Deterministic Output Rules
- Use the same section order for every supported request of this skill.
- Keep output field names stable and do not rename documented keys across examples.
- If a value is unavailable, emit an explicit placeholder instead of omitting the field.
Output Contract
- Return a structured deliverable that is directly usable without reformatting.
- If a file is produced, prefer a deterministic output name such as
pubmed_topic_recommend_result.md unless the skill documentation defines a better convention.
- Include a short validation summary describing what was checked, what assumptions were made, and any remaining limitations.
Validation and Safety Rules
- Validate required inputs before execution and stop early when mandatory fields or files are missing.
- Do not fabricate measurements, references, findings, or conclusions that are not supported by the provided source material.
- Emit a clear warning when credentials, privacy constraints, safety boundaries, or unsupported requests affect the result.
- Keep the output safe, reproducible, and within the documented scope at all times.
Failure Handling
- If validation fails, explain the exact missing field, file, or parameter and show the minimum fix required.
- If an external dependency or script fails, surface the command path, likely cause, and the next recovery step.
- If partial output is returned, label it clearly and identify which checks could not be completed.
Completion Checklist
- Confirm all required inputs were present and valid.
- Confirm the supported execution path completed without unresolved errors.
- Confirm the final deliverable matches the documented format exactly.

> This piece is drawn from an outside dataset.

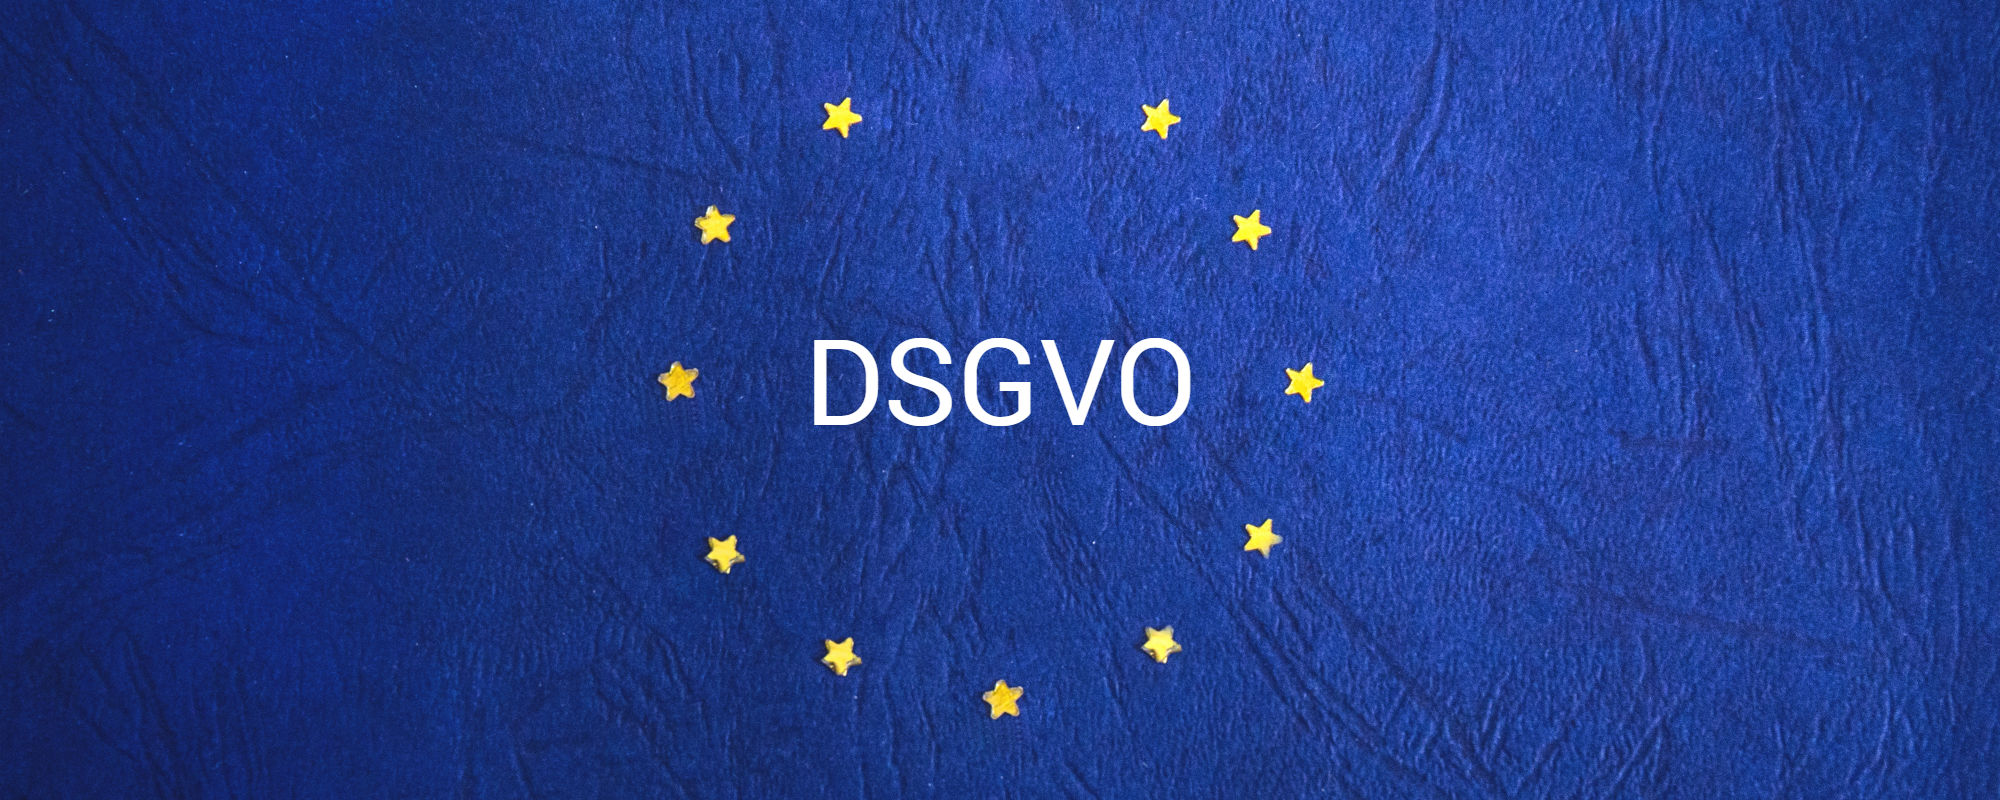 DSGVO Schriftzug auf blauem Hintergrund

- Confirm assumptions, limitations, and warnings are surfaced explicitly.
Quick Validation
Run this minimal verification path before full execution when possible:
python scripts/run_topic_recommendation.py --help
Expected output format:
Result file: pubmed_topic_recommend_result.md
Validation summary: PASS/FAIL with brief notes
Assumptions: explicit list if any
Scope Reminder
- Core purpose: Generate ~5 actionable research topic recommendations by querying PubMed E-utilities; use when a user provides a research direction/constraints and needs evidence-backed topic ideas quickly.